Let’s take an example to understand it properly. Aurora may have the complete data up to LSN 1007. It may have declared that only 900, 1000, and 1100 are CPLs. This means Aurora must truncate at 1000.

So Aurora is complete to 1007, but only durable to 1000. In summary, Completeness and durability are, therefore, different.

If the client does not need such distinctions, it can simply mark every log record as a CPL.

The database and storage interactions are as follows:

  1. Each database-level transaction is broken up into multiple mini-transactions (MTRs) that are ordered and must be performed atomically.
  2. Each mini-transaction is composed of multiple contiguous log records.
  3. The final log record in a mini-transaction is a CPL.

5.2 Normal Operation

Writes

The database continuously interacts with the storage service and maintains state to establish a quorum, advance volume durability, and register transactions as committed.

There can be a large number of concurrent transactions active in the database.

The database allocates a unique ordered LSN for each log record, subject to the constraint that no LSN is allocated with a value greater than the sum of the current VDL and a constant called the LSN Allocation Limit (LAL) (currently set to 10 million).

This limit ensures that the database does not get too far ahead of the storage system and introduces back pressure that can throttle the incoming writes if the storage or network cannot keep up.

Commits

Transaction commits are completed asynchronously.

When a client commits a transaction, the thread handling the commit request sets the transaction aside by recording its commit LSN as part of a separate list of transactions waiting on commit.

As the VDL advances, the database identifies qualifying transactions that are waiting to be committed and uses a dedicated thread to send commit acknowledgments to waiting clients.

Reads

The pages are served from the buffer cache. If the page requested is not in the cache, a storage IO request is made.

The system finds a victim page to evict if the buffer cache is complete.

Aurora database does not write out pages on eviction but enforces a guarantee that a page in the buffer cache must always be of the latest version.

The database does not need to establish consensus using a read quorum under normal circumstances.

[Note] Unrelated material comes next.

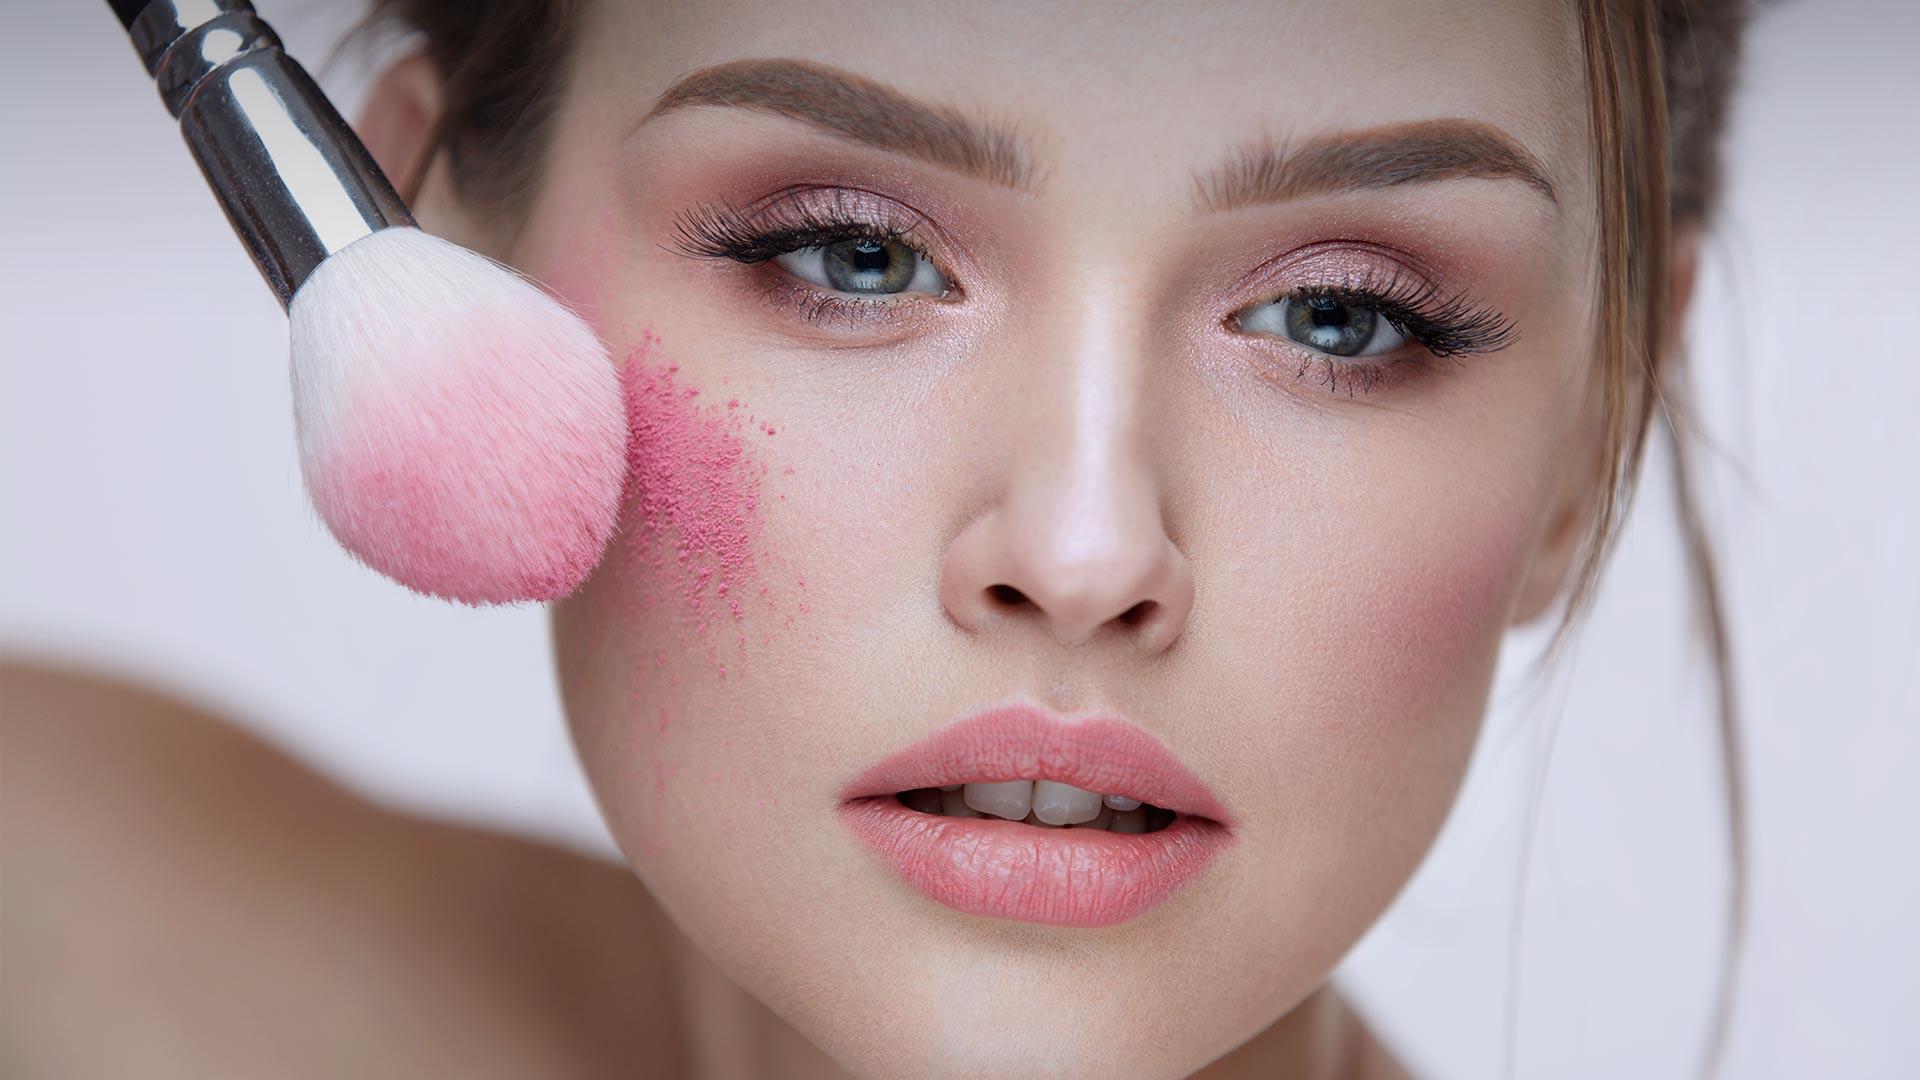 Curs de vanzari pentru retail artiști si cosmeticieneCorporate makeup

When reading a page from a disk, the database establishes a read-point, representing the VDL when the request was issued.

The database can then select a complete storage node with respect to the read point.

Replicas

A single writer and up to 15 read replicas can all mount a shared storage volume.

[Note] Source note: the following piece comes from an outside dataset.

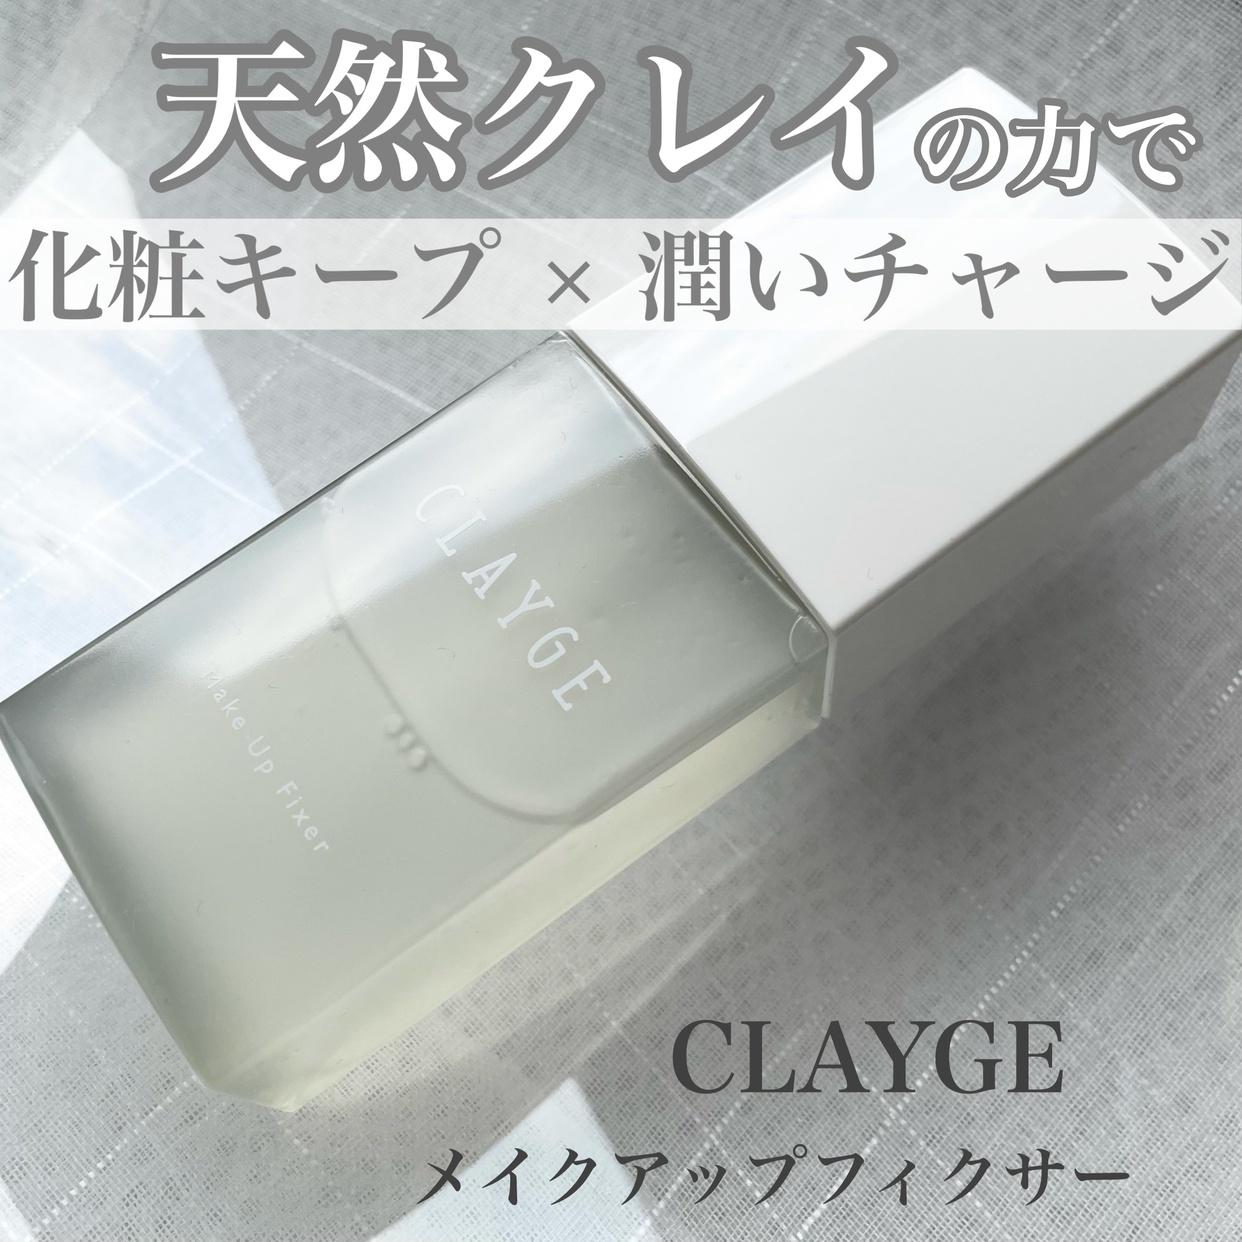 CLAYGE(クレージュ)メイクアップフィクサーを使ったあひるさんのクチコミ画像1

The log stream generated by the writer is sent to the storage nodes and all read replicas, reducing the lag.

Replicas consume log records asynchronously from the perspective of the writer.

The replica obeys the following two important rules while applying log records:

  1. The only log records that will be applied are those whose LSN is less than or equal to the VDL.
  2. The log records of a single mini-transaction are applied atomically in the replica’s cache to ensure that the replica sees a consistent view of all database objects.

5.3 Recovery

Most traditional databases use a recovery protocol such as ARIES.

The protocol depends on a write-ahead log (WAL) with precise contents of all committed transactions.

These systems also periodically checkpoint the database to establish points of durability.

On crash recovery, the system processes the redo log records from the last checkpoint by applying each log record to the relevant database page using the log applicator.

This process brings the database pages to a consistent state at the point of failure.

After that, the in-flight transactions during the crash can be rolled back by executing the relevant undo log records.

6. Putting It All Together

The diagram below shows the high-level view of the components.

The database engine is a fork of the community version of MySQL/InnoDB. The main difference is how InnoDB reads and writes data to disk.

In Aurora InnoDB, the redo log records (representing the changes that must be executed atomically in each MTR) are organized into batches.

These log records are sharded by the PGs each log record belongs to, and these batches are written to the storage service.

The final log record of each MTR is tagged as a consistency point.

Aurora read replicas to get continuous information on transaction starts and commits in the writer. They use this information to support snapshot isolation for local transactions (read-only).

The concurrency control is implemented entirely in the database engine without impacting the storage service.

Aurora leverages Amazon Relational Database Service (RDS) for its control plane.

The storage service is deployed on a cluster of EC2 VMs provisioned across at least 3 AZs in each region.

The storage nodes manipulate local SSDs and interact with database engine instances, other peer storage nodes, and the backup/restore services, which continuously back up changed data to S3 and restore it from S3 as needed.

The storage control plane uses the Amazon DynamoDB database service for persistent storage of cluster and storage volume configuration, volume metadata, and a detailed description of data backed up to S3.

7. Lessons Learned

7.1 Multi-tenancy and database consolidation

Many Aurora customers operate Software-as-a-Service (SaaS) businesses. These customers often rely on an application they cannot easily change.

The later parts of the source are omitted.